At that point (which was around 7pm) I decided to go to bed. I was too tired, I could barely keep my eyes open, and really what was the point of staying awake anyway? Due to my ‘no sleep before 11pm’ rule, I forced myself to stay awake another half hour or so, and then gave up, took my tablets, and went to bed, convinced this marked the beginning of another long period of HELL.
I had only just climbed out of the last one.
I slept through to about 9am, and guess what?
I woke up perfectly fine.
This makes me wonder if perhaps the reason for so much sleep during depressive periods is that, as the old adage goes, it is ‘the best healer’. Much as we find ourselves sleeping endlessly when we are physically ill with an infection or something similar, perhaps the body reacts in the same way to changes in the brain chemistry that cause depression: the body fights it off as it would fight off an infection, and while it’s doing so, we sleep – because we literally don’t have the energy for anything else.
One of the things we hit on in Group therapy that very same week was that periods of physical illness, especially infection, can often be followed by periods of mania. I’m sure this is not true for all those with bipolar, especially as not all suffer manic periods, however it is certainly true for me. The two worst and most prolonged periods of mania I have ever suffered came immediately after I had severe infections, and had to be placed on multiple courses of antibiotics. Not being a chemist, I have no idea how antibiotics affect brain chemistry, or even if they could affect brain chemistry, but I think the point is not so much the drugs, as the body’s reaction to the infection. When we’re suffering from such an infection, we sleep a great deal as the body rights whatever is wrong. When we are depressed, it would also seem we sleep a great deal while the body rights whatever is wrong.

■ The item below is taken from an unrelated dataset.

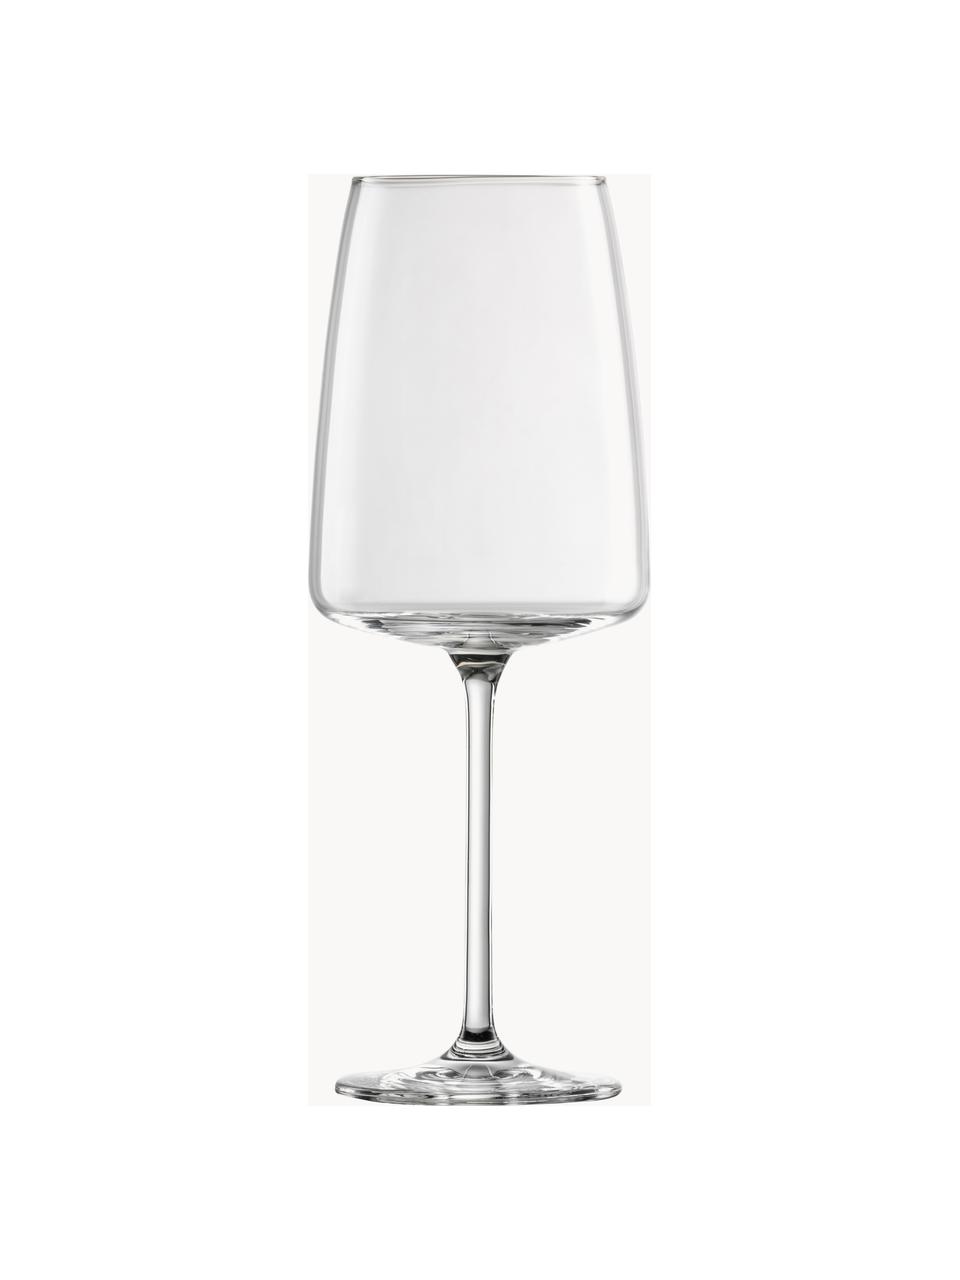 Kristall-Weingläser fruchtig & fein Vivid Senses, 2 Stück, Tritan-Kristallglas, Transparent, Ø 9 x H 24 cm, 530 ml

Several years ago, after a suicide attempt, I found myself talking to a hospital shrink. I do not have pleasant recollections about this man, beyond the fact that he was quite attractive and this annoyed me – we were well before the days of Grey’s Anatomy, and I did not yet realise that all doctors should be stunning. He told me several things: don’t fall asleep before 10pm; don’t stay in bed until after 10am; make sure you leave the house at least once a day; and oh yes, I never want to see you again.
Perhaps it was his derisive attitude, but the advice on sleep stuck, and since then I have always tried to be awake as much as possible, even when at my absolute worst, because I was convinced that sleeping would make me worse and activity would make me better.
I have since reassessed this conclusion and deduced that – at certain times – the reverse is actually the case. There is a danger, when you have been depressed and needed sleep for a very long time, to continue to sleep a lot and do very little after the point you’ve come out of the depression. This is what I refer to as wallowing, and I have no truck with it.
It’s a waste of the precious days when you don’t feel like crap.
I’m not talking about that now though. Now I’m talking about those times when you feel perfectly fine, until suddenly you’re utterly overcome by exhaustion. You think you should force yourself to stay awake, and you do, pushing yourself further and further into exhaustion and lowering your mood further and further until you slip once more into depression.
I wonder, if you had just fallen asleep when your body told you to, and slept it off, might you have avoided that particular period of depression? Might you have, at the very least, lessened it?
Don’t fight the Sand Man; he is your friend.